History belongs to the victors. MoMA recounts 20th-century art to climax with American abstract expressionism. The Pompidou is thick with the Ecole de Paris. And Tate Modern continues to mis-shape 20th- century art into one long build-up to today’s Young British Artists-refracted conceptual endgame. A few -isms, and Sara Fanelli’s lovely, graffiti-like timeline, are welcome, cohesive pointers to help make sense of this collection. But a conceptual wolf, in the lightest of historical sheep’s clothing, growls unchangingly here.

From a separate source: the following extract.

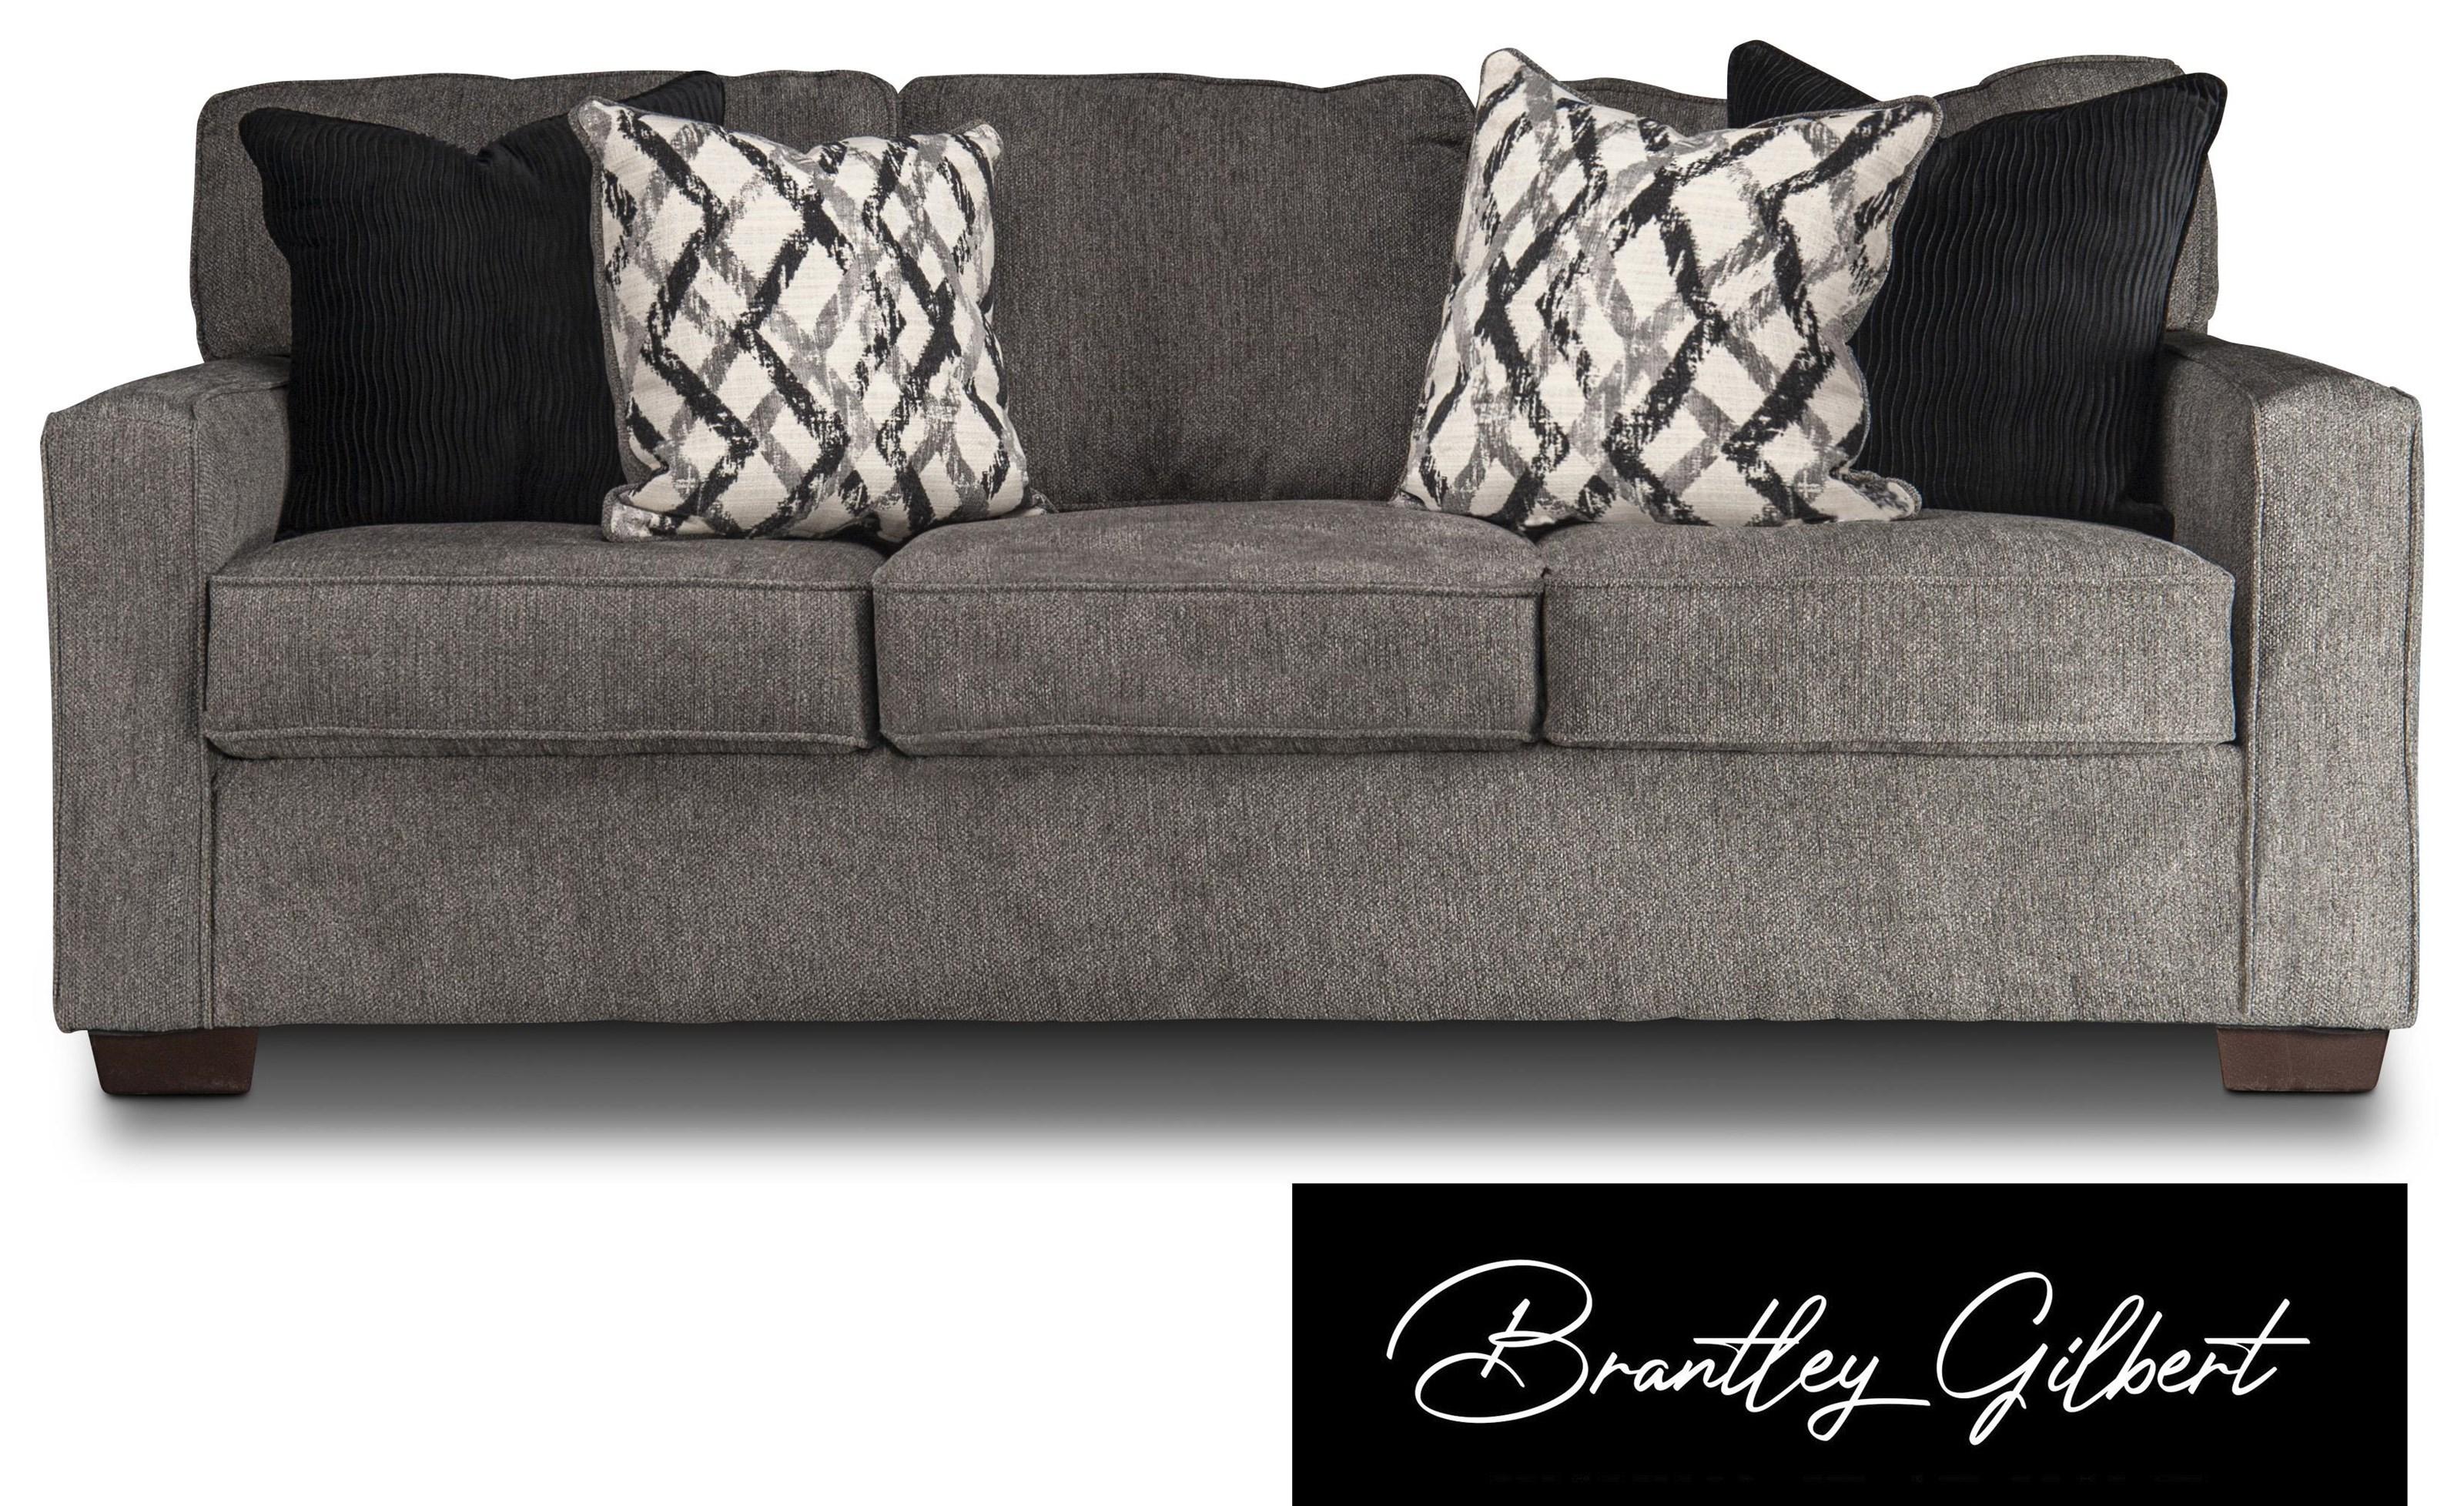 Putnam Putnam Sofa by Peak Living at Morris Home

In its good places, the new hang is spectacular, seductive and beautiful. On level five, minimalism has rarely looked more stunning than in the double-height room where a Judd box glows copper-red against the metallic symmetry of Stella’s “Six Mile Bottom” and the neutrality of Richter’s “Grey”. Across the atrium, “States of Flux” opens with a fabulous pairing, Lichtenstein’s 1963 war-comic diptych “Wham” – scandalously in storage until now – and Boccioni’s 1913 dynamic half-man, half-machine bronze figure “Unique Forms of Continuity”: two charged images of technology and power. In another cubist satellite, a top recent acquisition, Christian Marclay’s four-screen audio sampling “Video Quartet”, composed of 700 Hollywood clips, is a witty, unnervingly aesthetic postmodern reprise of Picasso/Braque collage and Duchamp’s found materials.
On level three, opened in February, other pairings, likely and unlikely, already feel familiar, convincing, yet continuingly provocative. In “Material Gestures”, Monet’s near-abstract “Lilies” prefigures Pollock’s free-dripping “Summertime”, and illuminates a rush of strong American abstractionists. In “Poetry and Dream”, Cy Twombly’s lush, clotted, crimson-gold 1993-4 “Four Seasons”, another wonderful recent purchase, is superbly enhanced by the mad vigour and odd lightness of being of Beuy’s heavy metal “Lightning with Stag in its Glare”.
But why is Twombly, most painterly of painters and unrivalled decadent heir to Pollock, in the surrealist section rather than in “Material Gestures”? Historical continuity is the price you pay for Tate eclecticism. Sometimes it’s worth it; often historical insensitivity turns to boorish farce. Munch and Klimt, poetry and dream merchants if ever there were, are stuck in a cubist ante-chamber. Bonnard’s shimmering, ambivalent “The Table”, one of Tate’s greatest and most popular works, is removed from display altogether. Tate’s best Picasso, the death-haunted “Three Dancers”, is temporarily absent.
A century ago, MoMA gobbled up modern works that Tate was too blind to buy. How Tate curators still hate modernism, the optimistic art of construction derived from Cézanne – also banished to a corner – and essential to understanding the art of deconstruction that came afterwards. While our great living individualist artists who still recall the modernist tradition – Freud, Rego, Ofili – are relegated to Millbank, conceptual, hopelessly dated British dross is showcased here: Sarah Lucas’s urine-yellow toilet bowl, Julian Opie’s non-working ventilation unit. “Incubus”, Gary Hume’s pink house-paint map of hospital doors, is the central work in a section called “Contemporary Painting”, suicidally installed next to late Matisse and Léger, whose vigour makes 1940s and 1950s canvases look by contrast as if the paint had just dried.
Tate Modern has a world-class building and a world-class collection, but the British provincialism of its curators is embarrassing, and their refusal to look history in the eye mauls a potentially dazzling display of art past and present into meaninglessness.